Struggling retailer HHGreggInc. announced Thursday morning that it will close 88 stores and three distribution centers in an effort to return the company to profitability. The decison will eliminate 40 percent of the chain's retail locations.
None of the stores are in Indiana, the Indianapolis-based electronics and appliance retailer said.
The closures should be completed by mid-April and will result in the elimination of about 1,500 jobs. Following the closings, HHGregg will have 132 stores.
The decision to close the stores will help the company focus on its core markets, HHGregg CEO Robert J. Riesbeck said in a written statement.
“We are strategically exiting markets and stores that are not financially profitable for us,” he said. “This is a proactive decision to streamline our store footprint in the markets where we have been, and will continue to be, important to our customers, vendor partners and communities.”
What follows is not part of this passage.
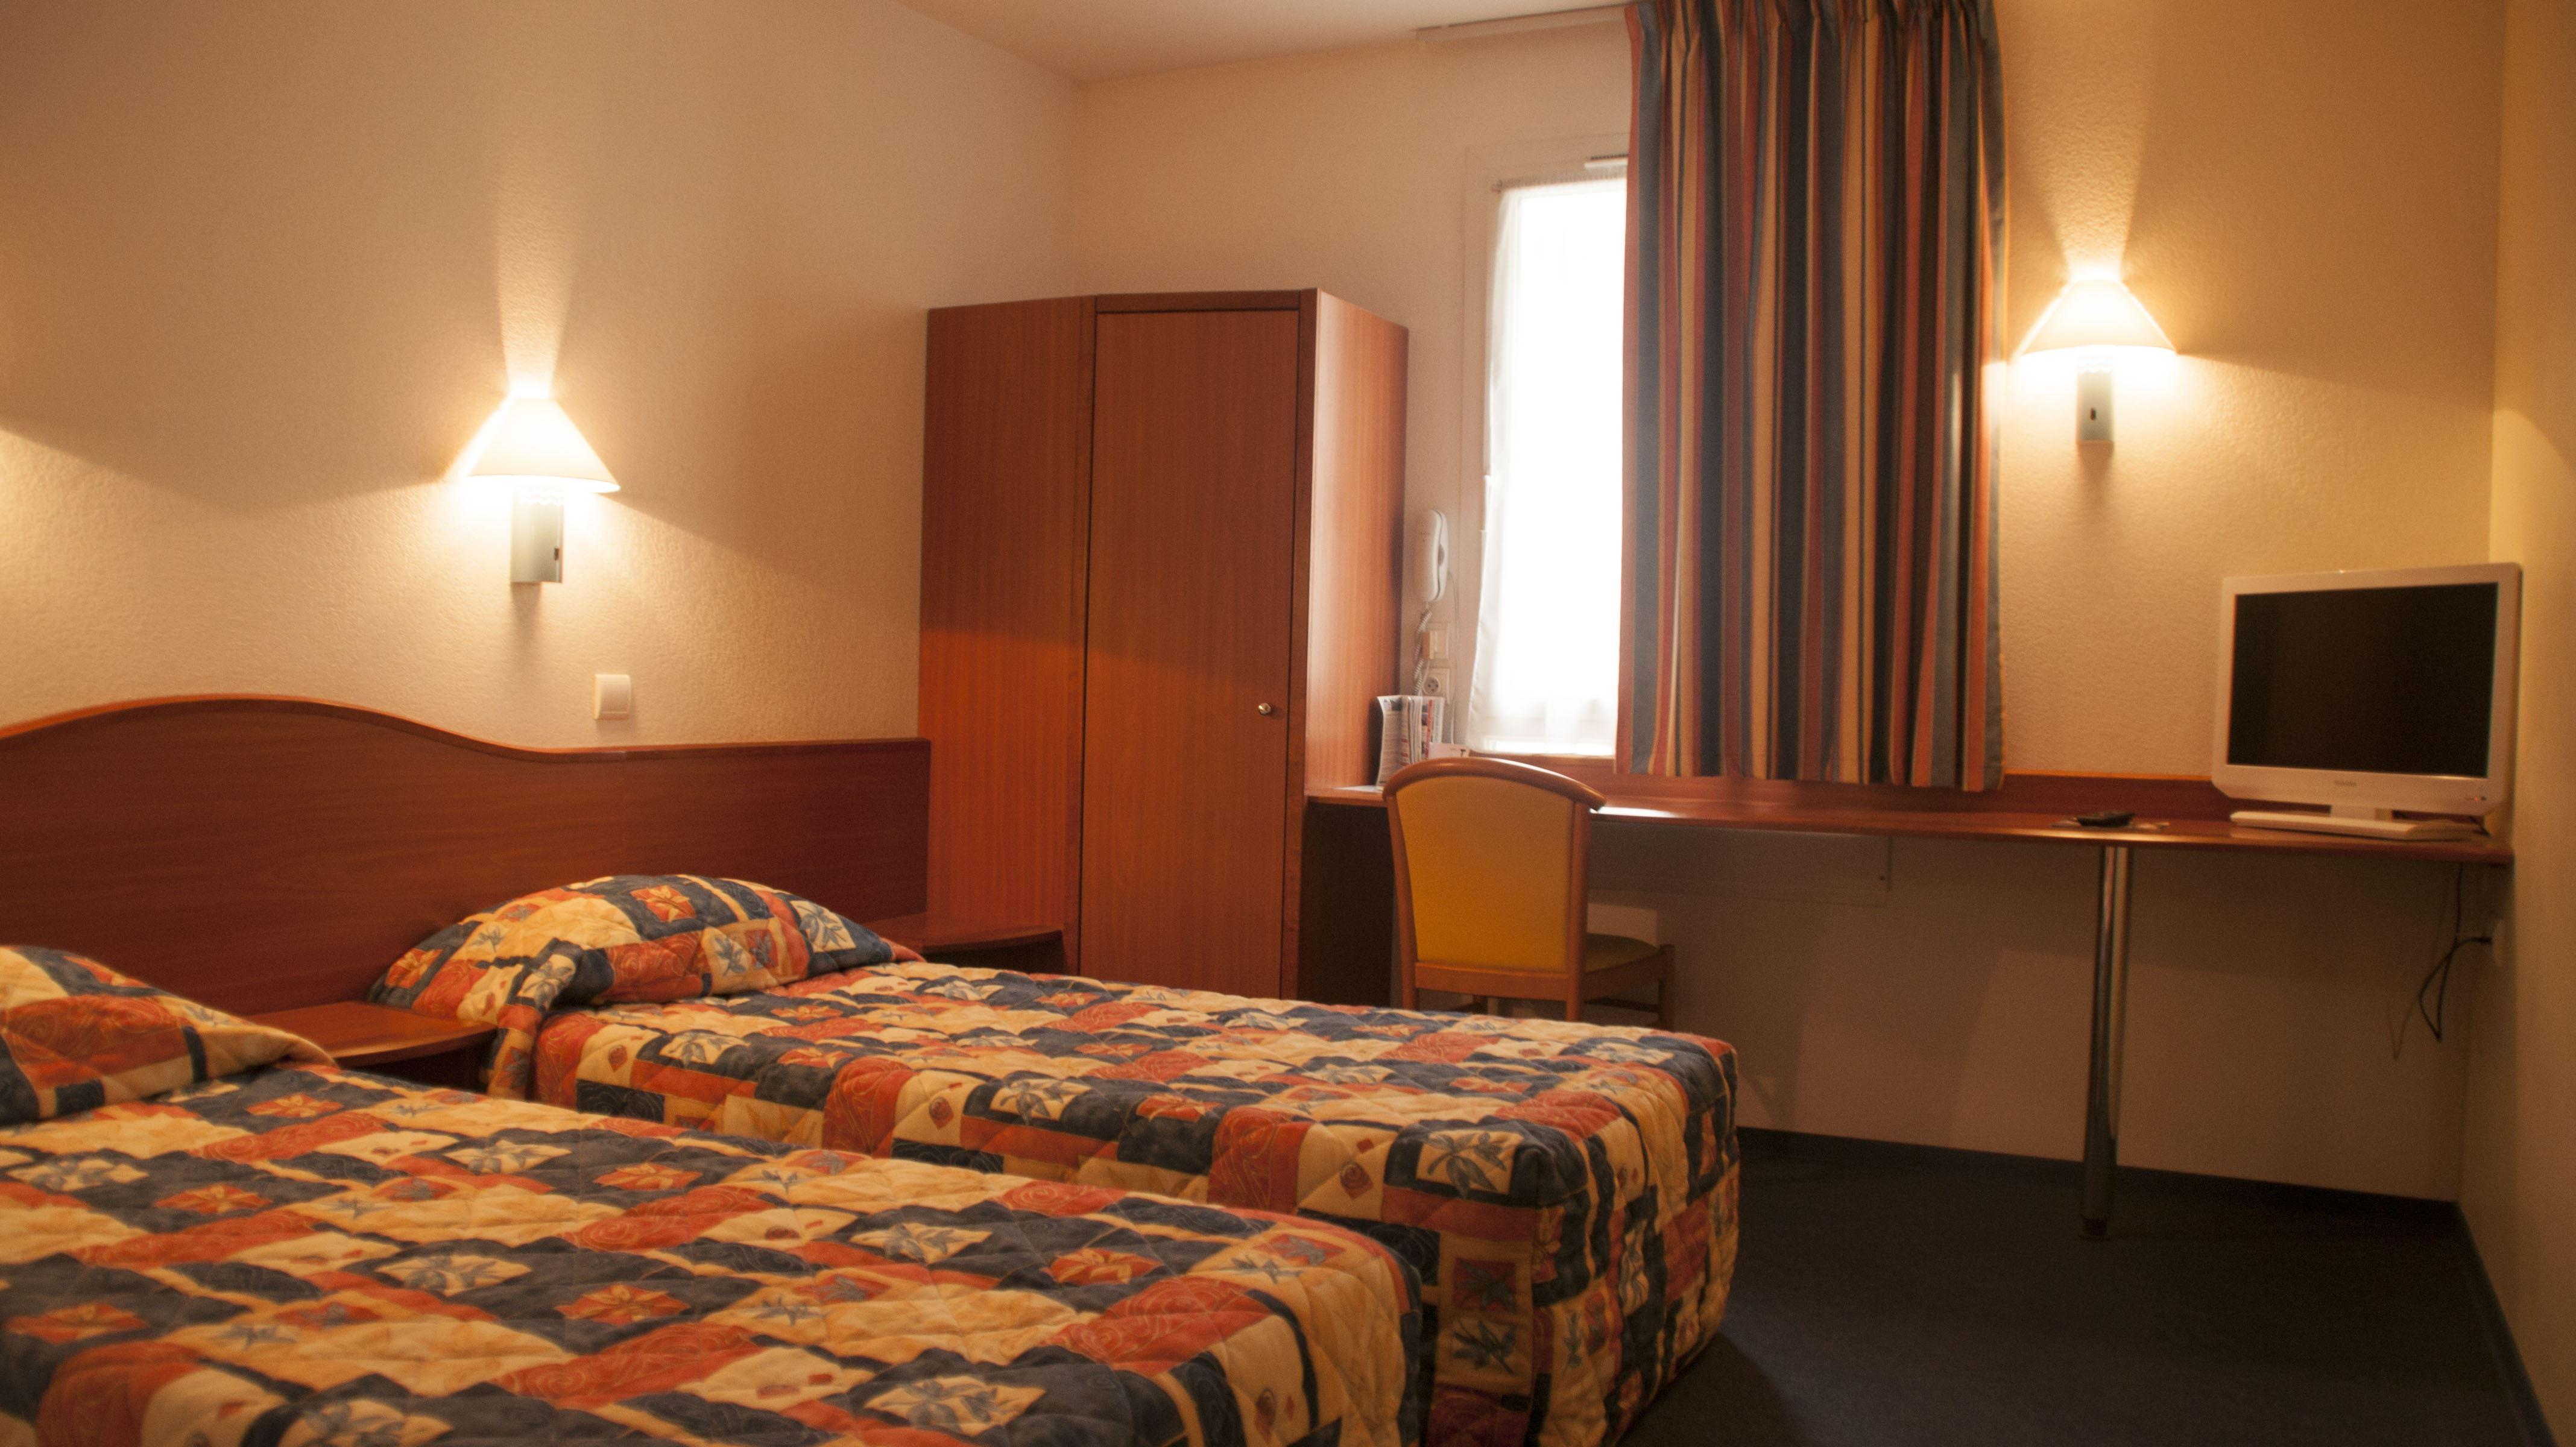 HOTEL DELTOUR BOURRAN

HHGregg has reported losses in 13 straight quarters and has seen its stock plunge to Pink Sheet status. Shares fell 3 percent Thursday morning, to 12.8 cents apiece.
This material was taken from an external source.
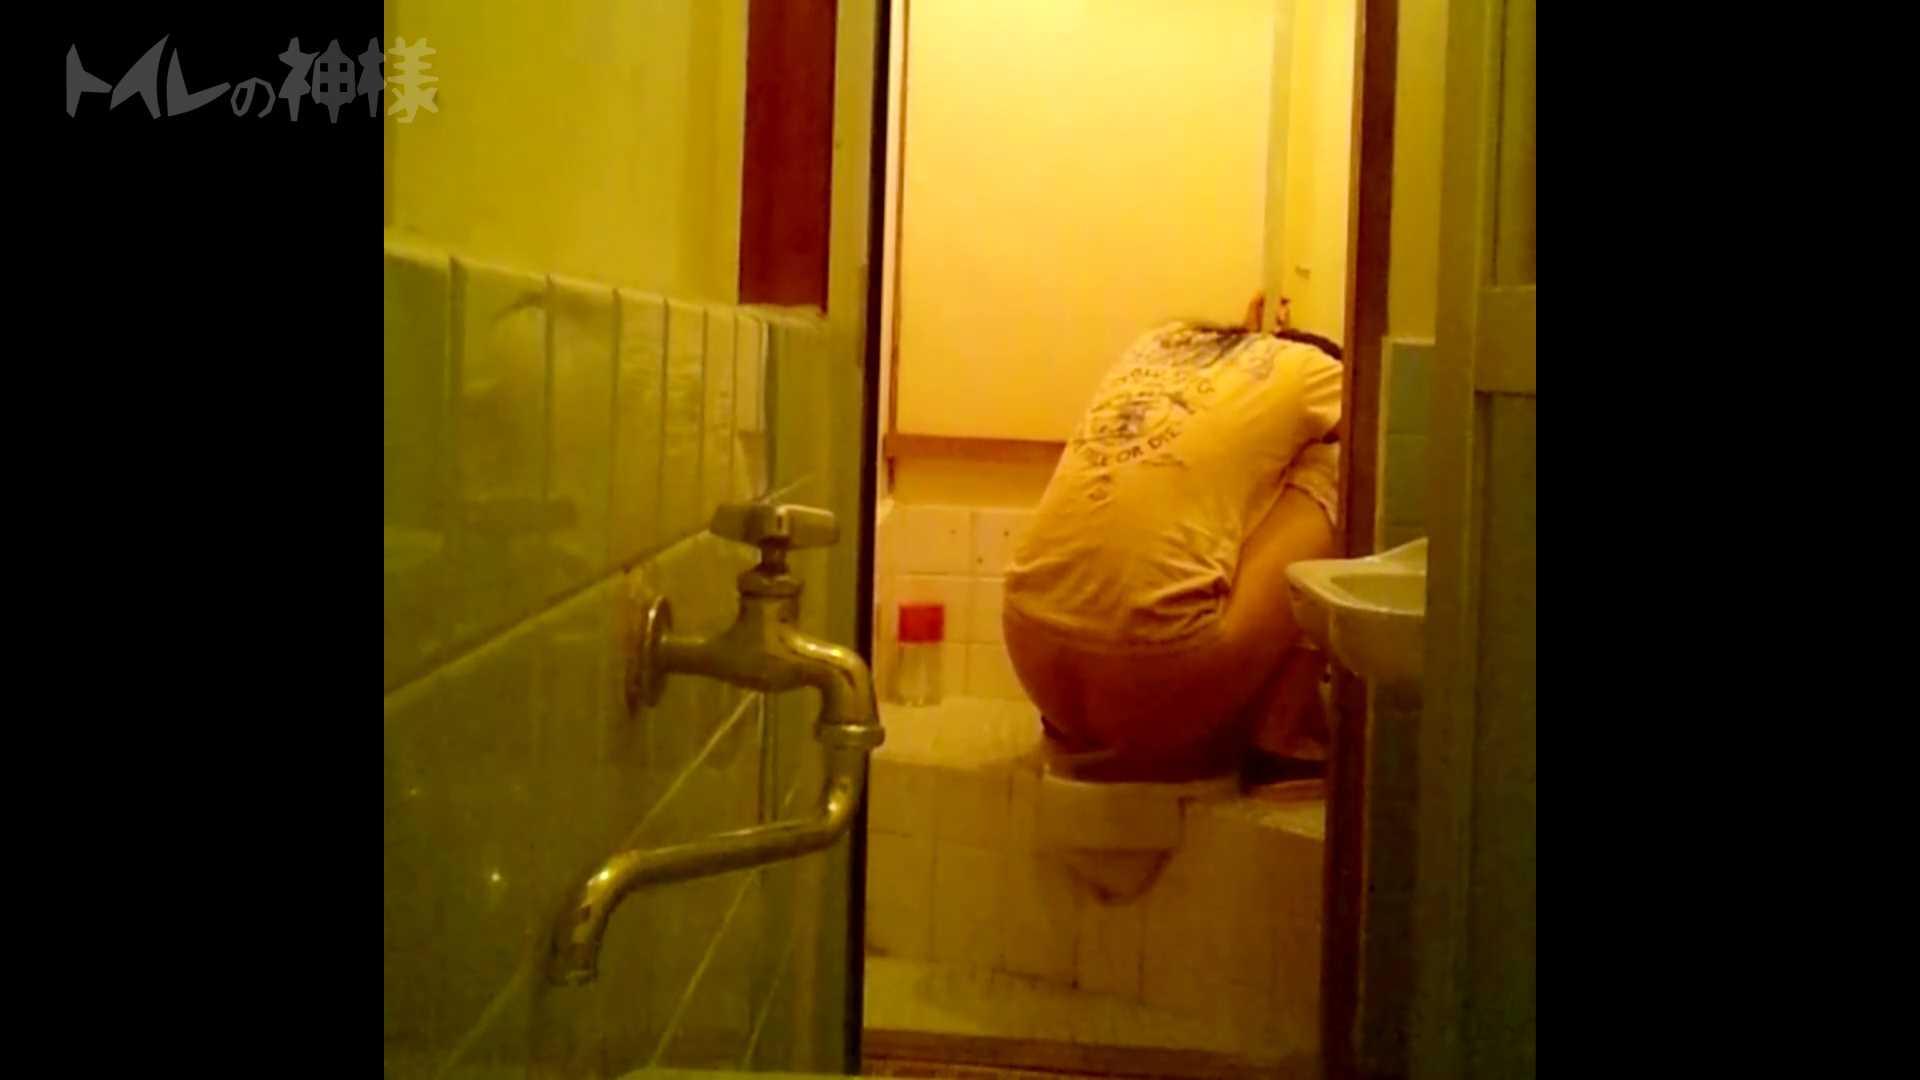 トイレの神様 Vol.08 プリントしたお・し・り トイレ中 | OL  46連発 45

The company said it expects to incur pre-tax charges of $12 million to $21 million due to the closures, including $5 million to $10 million related to asset-impairment costs, $5 million to $7 million in employee-termination costs and $2 million to $4 million for other costs.
The company also has about $190 million in lease obligations related to the stores and distribution centers, HHGregg said in a public filing.
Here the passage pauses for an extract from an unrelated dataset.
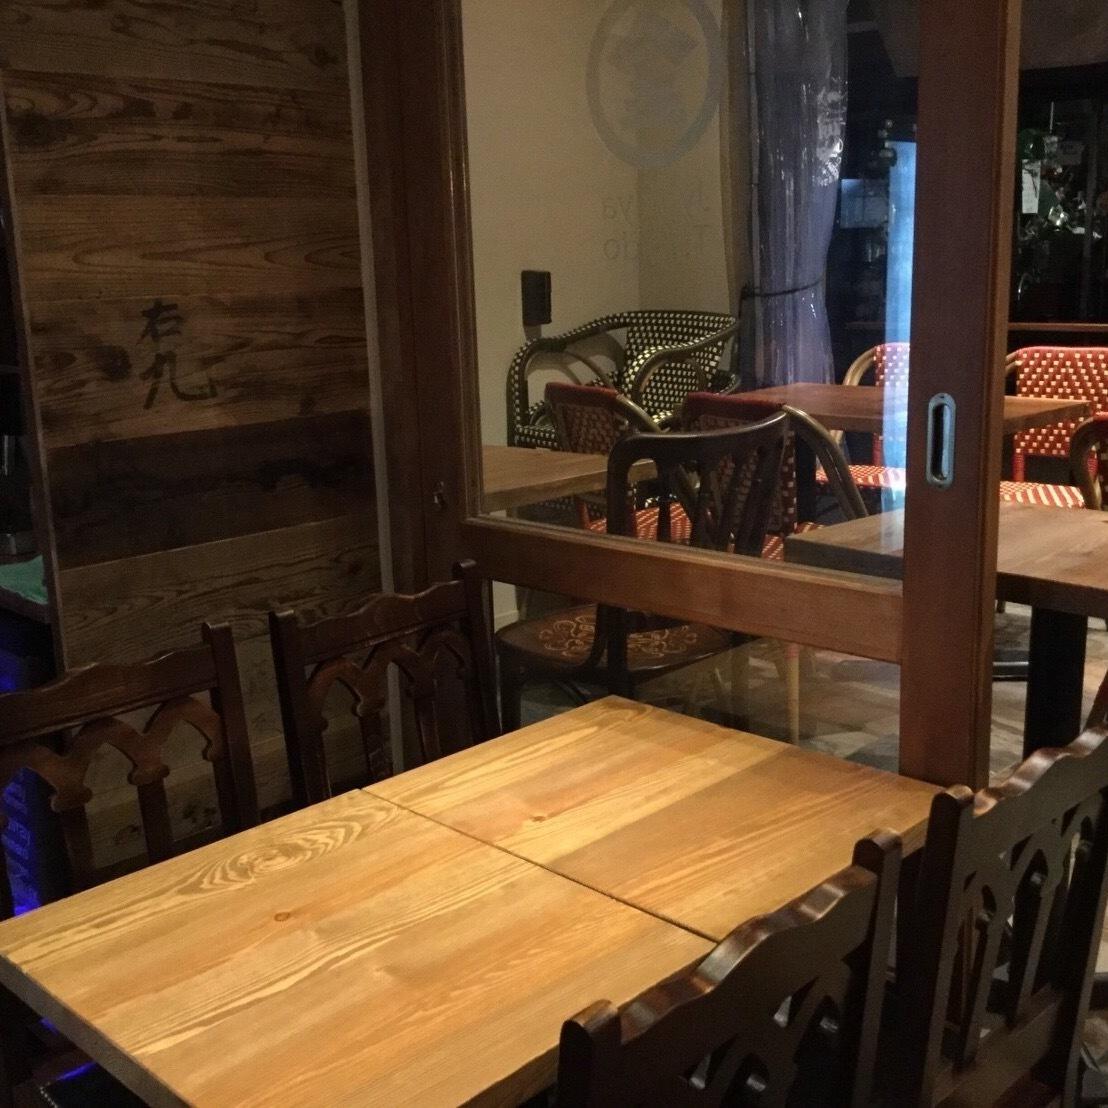 商店內部和商店外面都以溫暖為主要木材。私人,女子協會,生日派對,公司宴會,校友會,包機等。您可以根據您的場景使用。

Stores slated to close are in Alabama (2 stores), Delaware (3), Florida (15), Georgia (4), Illinois (6), Louisiana (3), Maryland (11), New Jersey (2), North Carolina (4), Ohio (4), Pennsylvania (15), Virginia (16), Tennessee (1), Missouri (1) and West Virginia (1).
Distribution centers will close in Miami, Florida; Brandywine, Maryland; and Philadelphia.
“We have determined that the economics of the affected locations will not allow us to achieve our overall goal of becoming a profitable company again,” Riesbeck said. “After scrutinizing our real estate portfolio, we have identified a number of underperforming stores, as well as store locations that are no longer strong shopping destinations due to changes in the local retail shopping landscape.”
HHGregg announced Feb. 15 that it was pursuing a range of strategic and financial options with the help of outside advisers, to improve the company’s financial condition. Bloomberg News reported Feb. 23 that the 61-year-old retailer was preparing to file for Chapter 11 bankruptcy reorganization as soon as March.
The company, which operates 220 stores in 19 states, took a huge loss of $58.3 million in its latest quarter as revenue plunged 24 percent.
Richard Feinberg, professor of consumer science and retailing at Purdue University, said HHGregg appears to be making the necessary moves to save the company, though much uncertainty remains.
“These are exactly the steps you should take to control the hemorrhaging, but that doesn’t mean the (remaining) stores will be successful,” he said. “But you have to stop the bleeding.”